The example of Alexander the Great has mesmerised generals, historians, and artists for 2,300 years. Dead at the age of 32, he had conquered an empire that extended for 3,000 miles across Asia in the space of just 13 years. The Romans eventually conquered a similar expanse, but it took them 300 years.
In our special this time, we analyse the Macedonian military system and the character and brilliance of Alexander as strategist and tactician. We then take a detailed look at the Battle of Gaugamela of 331 BC, Alexander’s greatest victory and an all-time tactical masterpiece.

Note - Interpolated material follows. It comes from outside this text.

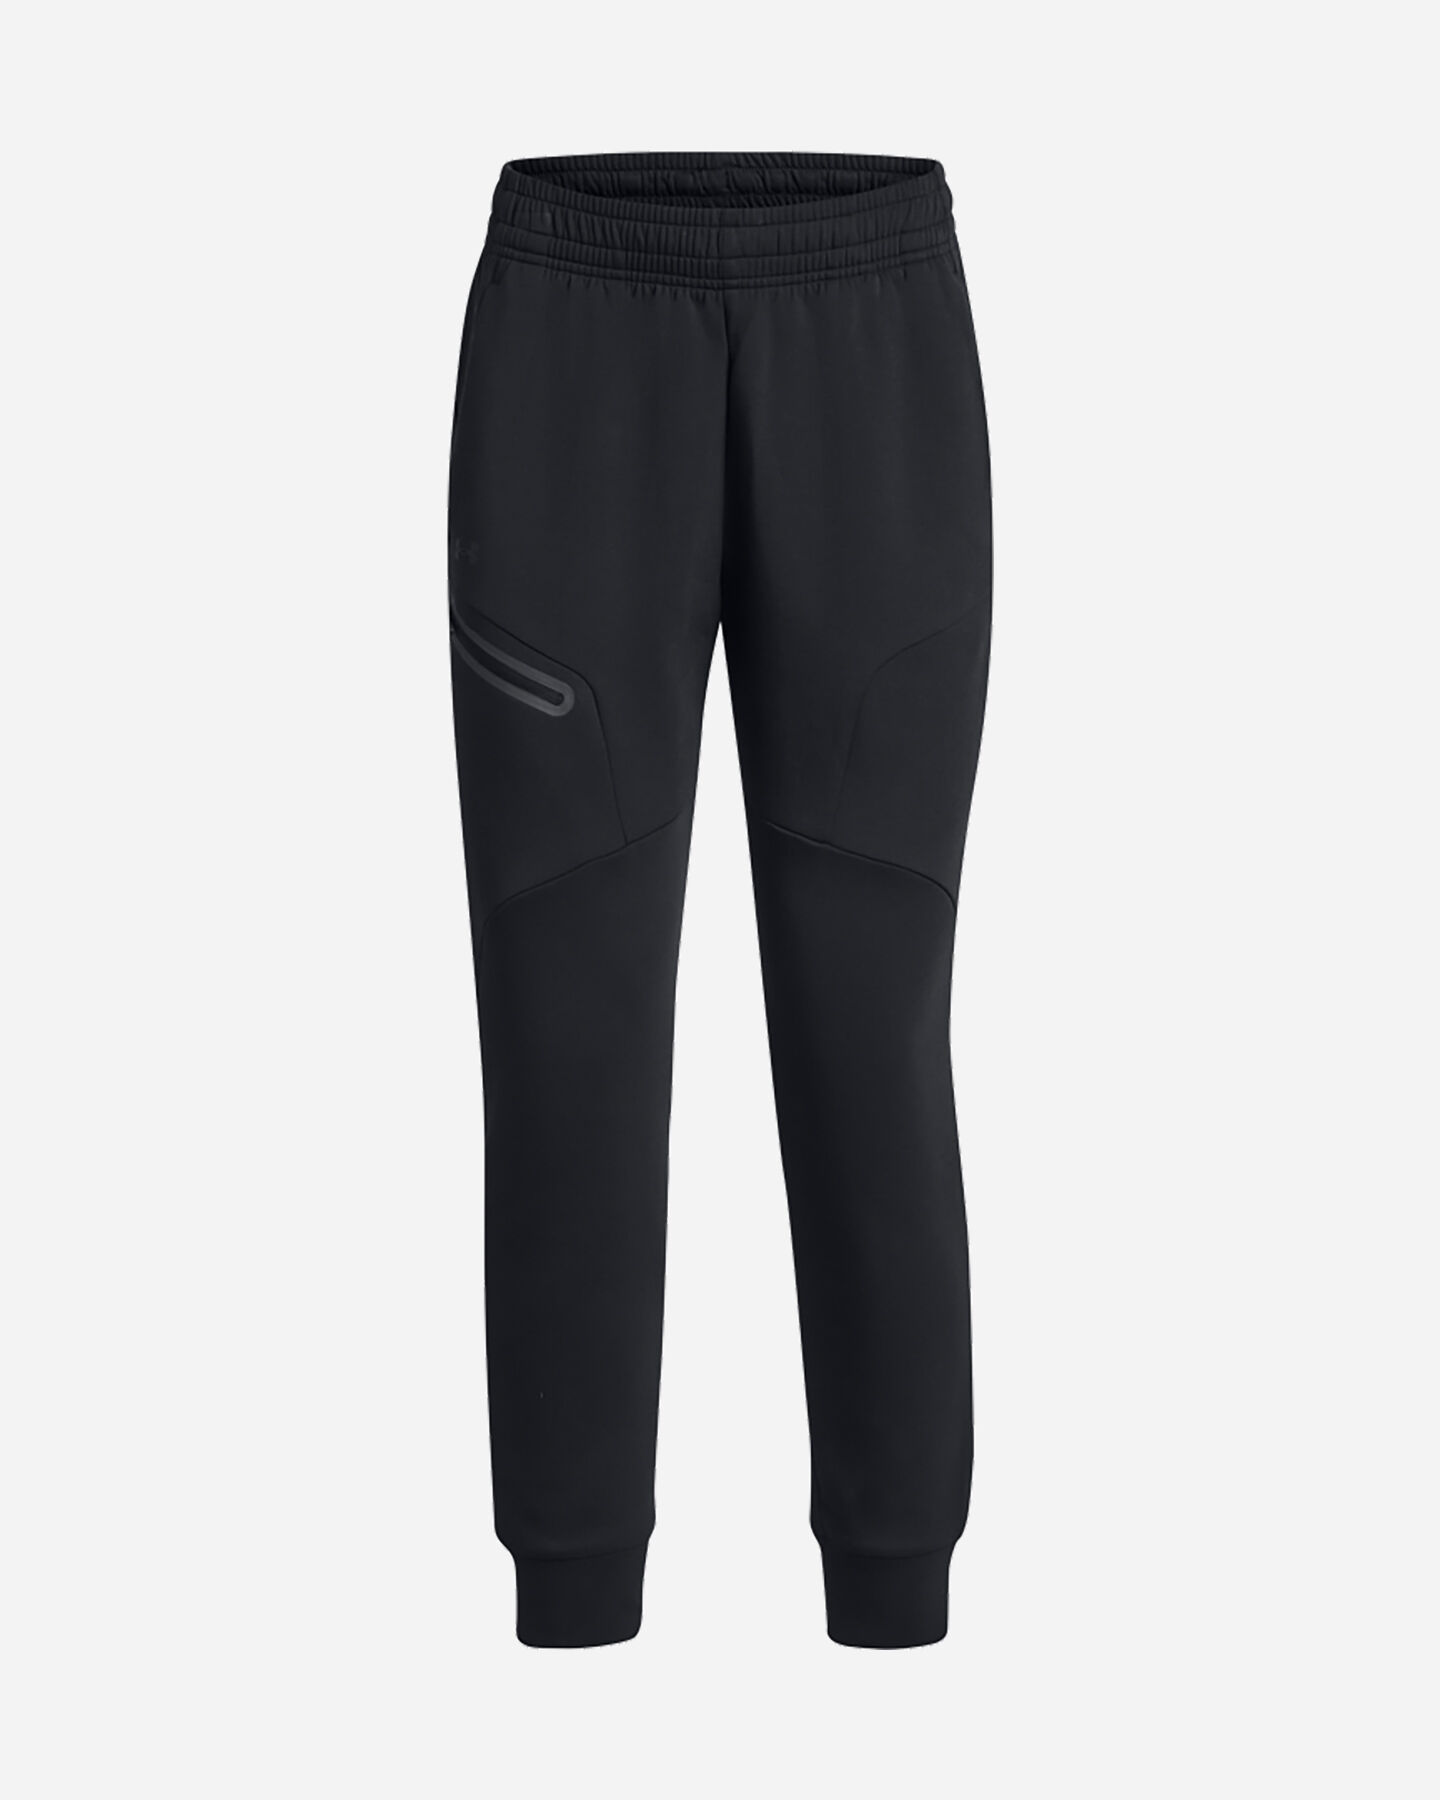  Pantalone UNDER ARMOUR UNSTOPPABLE FLC W S5579700|0001|XS scatto 0
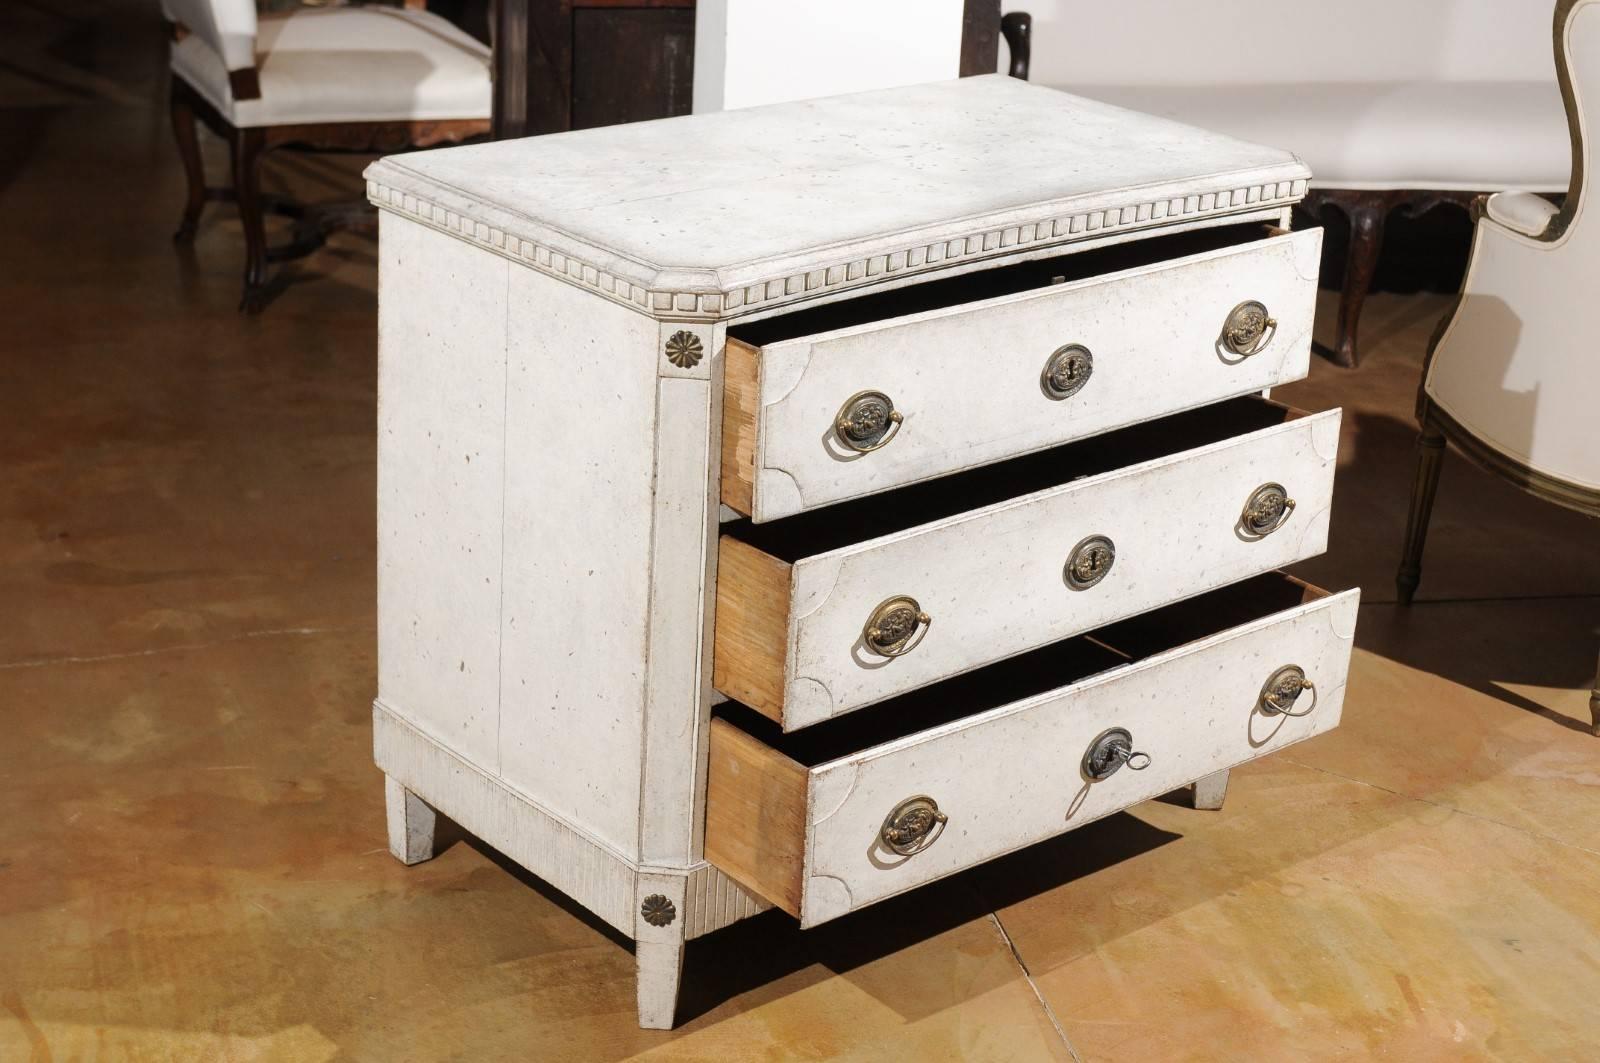 Hand-Painted 1810s Swedish Gustavian Period Painted Commode with Dentil Molding and Rosettes

Elsewhere in this issue, Andrew Mulholland analyses Sir John Moore’s masterful defensive battle against French troops at Corunna in 1809, and Chris Peers explains why ‘rifle-and-bayonet’ defeated ‘spear-and-shield’ in the iconic colonial encounter at Rorke’s Drift in 1879.
Following on from his article last time on the fraught history between President Lincoln and General McClellan, Nigel Jones takes a critical look at Winston Churchill’s relationship with the British generals in the early part of the Second World War.
Finally, Graham Goodlad analyses Operation Anthropoid, when the Czech Resistance assassinated SS butcher Reinhard Heydrich, the so-called ‘Hangman of Prague’, in the summer of 1942, and its bloody aftermath.